# Twas the night before Christmas and all through the smoke......



## jirodriguez (Dec 24, 2011)

..... three racks of baby back's before my wondering eyes!

I don't know about you but nothing says Christmas like the smell of hickory and 3 racks of baby backs... lol. 
	

	
	
		
		



		
			






Rubbed them down with a brown sugar based rub.... similar to Jeff's, but with a few twists of my own.







No.... that is not a banana eating a 22.5" WSM, it's my winter time insulation... lol. 
	

	
	
		
		



		
		
	


	





  I wrap a 6'x8' welding blanket around the WSM and use metal spring clips to hold it in place. Lets me run at 250° with only 1 vent open even with the outside temp below 40°, and best of all when it is not in use it folds up nice and small and fits in my deck box.







.... and to get into the WSM I only have to remove the top two clips and fold down the blanket.
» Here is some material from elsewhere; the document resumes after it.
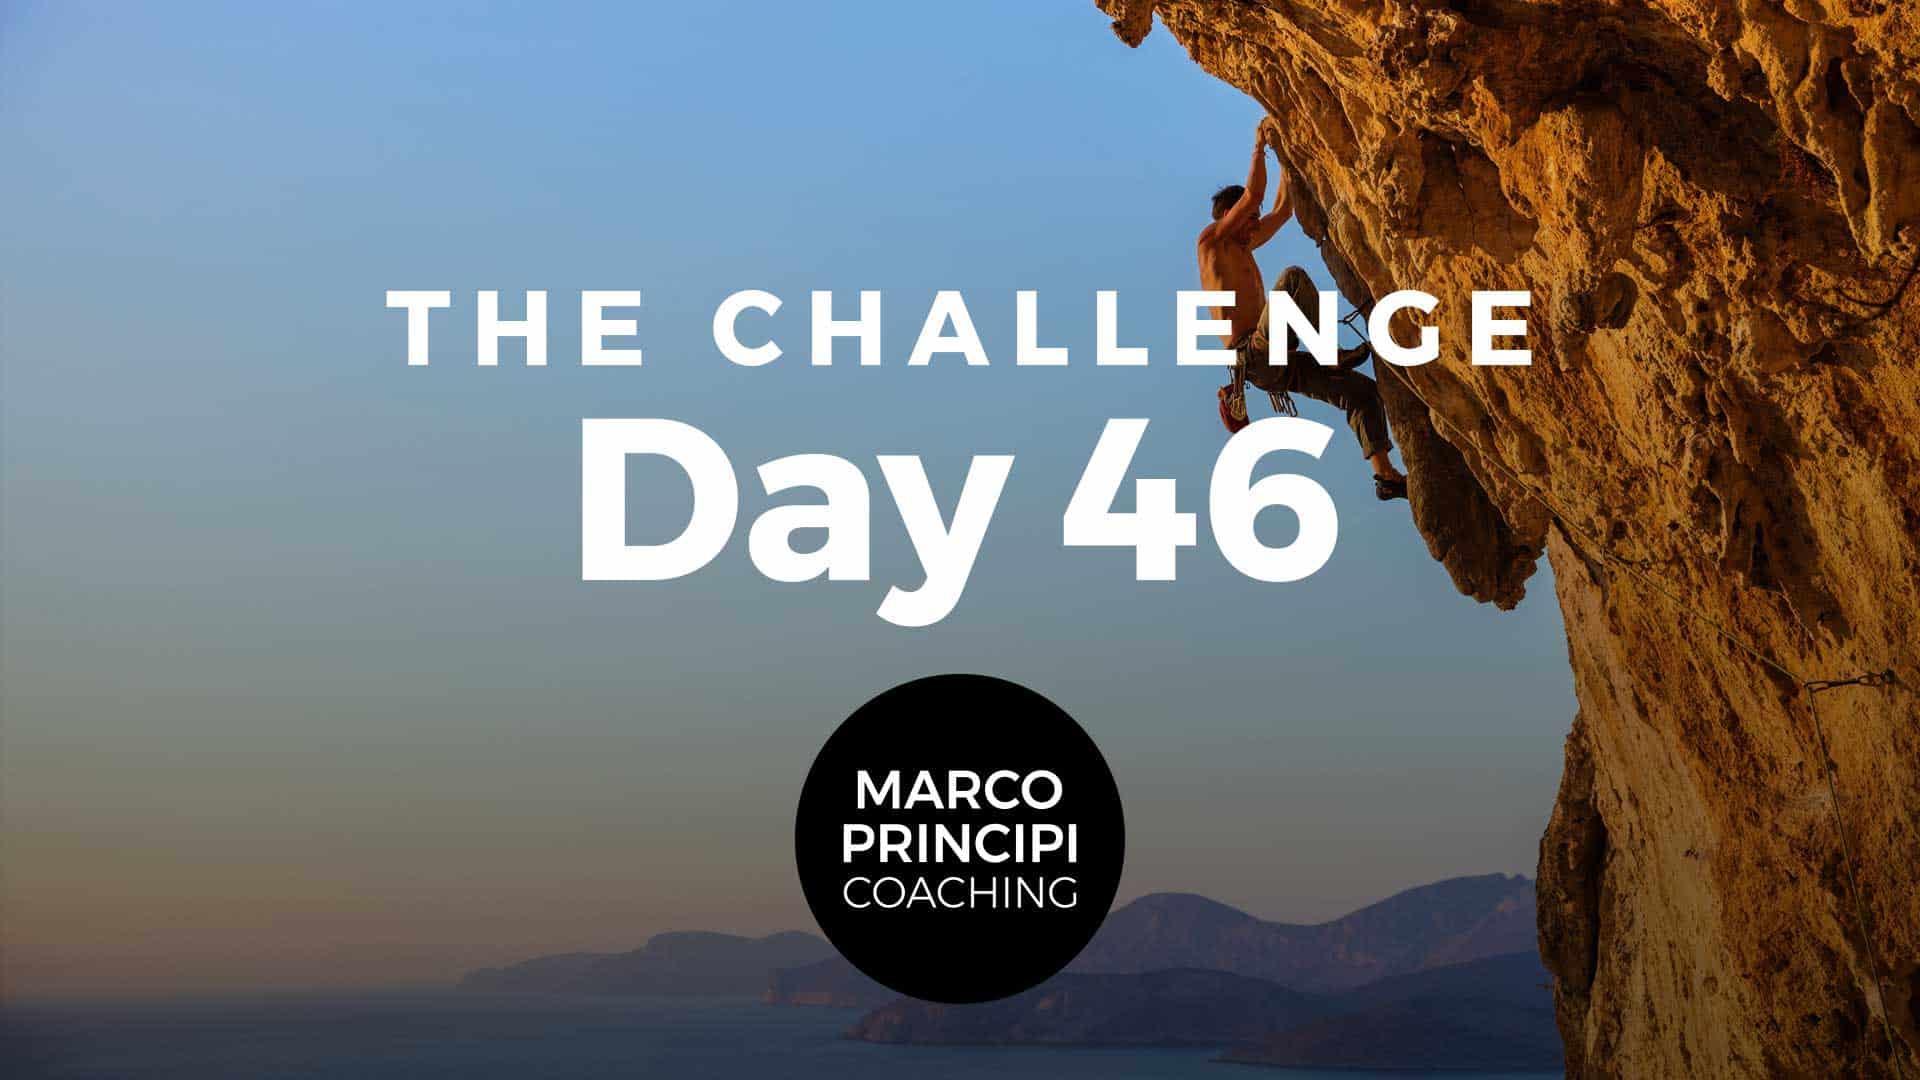 Marco Principi The Challenge Day 46

In go the ribs and I'm now 5 hrs. away from super tastey goodness!







(will update with some more pictures later on)


----------



## SmokinAl (Dec 24, 2011)

Looks good Johnny!

Merry Christmas to you & your family!


----------



## jirodriguez (Dec 24, 2011)

Starting to smell like Christmas..... that is provided Christmas is supposed to smell like hickory, mollasas, vinegar, and BBQ!







... more to come!


----------



## mballi3011 (Dec 24, 2011)

Man oh Man those ribs look great to me. Now this whole blanket thingie sure makes me like the weather here in fla.


----------



## jirodriguez (Dec 24, 2011)

mballi3011 said:


> Man oh Man those ribs look great to me. Now this whole blanket thingie sure makes me like the weather here in fla.
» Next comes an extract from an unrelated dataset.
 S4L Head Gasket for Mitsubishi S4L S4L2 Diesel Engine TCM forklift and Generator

LOL.... yeah, we are having the dryest Dec. on record, but that means clear skies and cold temps. Our lows have been averaging between 32-38 and out highs between 42-50, definately could go for a nice sunny 70° day right about now!


----------



## jirodriguez (Dec 24, 2011)

Just added the second glaze of sauce, gonna give them another 30 min. and it should be eating time!


----------



## jrod62 (Dec 24, 2011)

they look Great !!!!!!!!!!


----------



## werdwolf (Dec 24, 2011)

You must have shipped all of your wet weather this way.
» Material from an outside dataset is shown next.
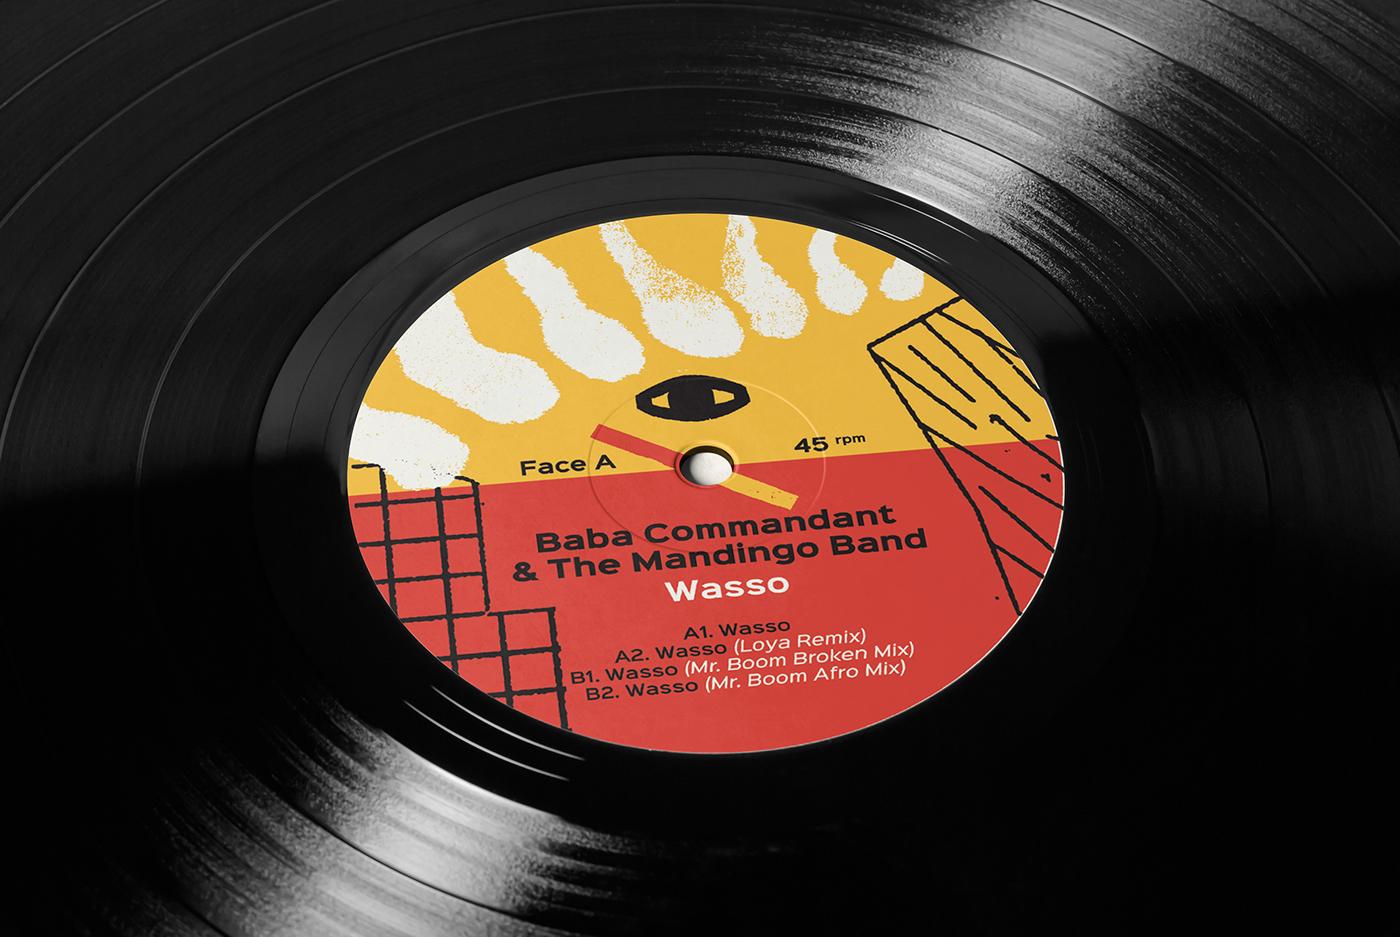 Baba Commandant Amp The Mandingo Band Vinyl Cover On Behance

We have had the wettest year here.   The ground water is only 9 feet below the surface now, they are telling us to expect flooding this spring.  Really you can have some of it back.

Oh and great looking ribs!


----------



## jirodriguez (Dec 24, 2011)

Here's a Bear-view.... it's all over except for the burping!













.... and a little sneak peak at tomorrows dinner! All rubbed down with EVOO, salt, pepper, ganulated onio, fresh garlic, and fresh rosmary! Oooh Yeah!


----------



## scarbelly (Dec 24, 2011)

Johnnie - you need to move to San Diego so we can share these with you


----------



## venture (Dec 25, 2011)

Super job, Johnny!

Good luck and good smoking.


----------



## sprky (Dec 25, 2011)

Merry Christmas


----------



## appwsmsmkr1 (Jan 18, 2013)

This is a great idea!! Thank you!!


----------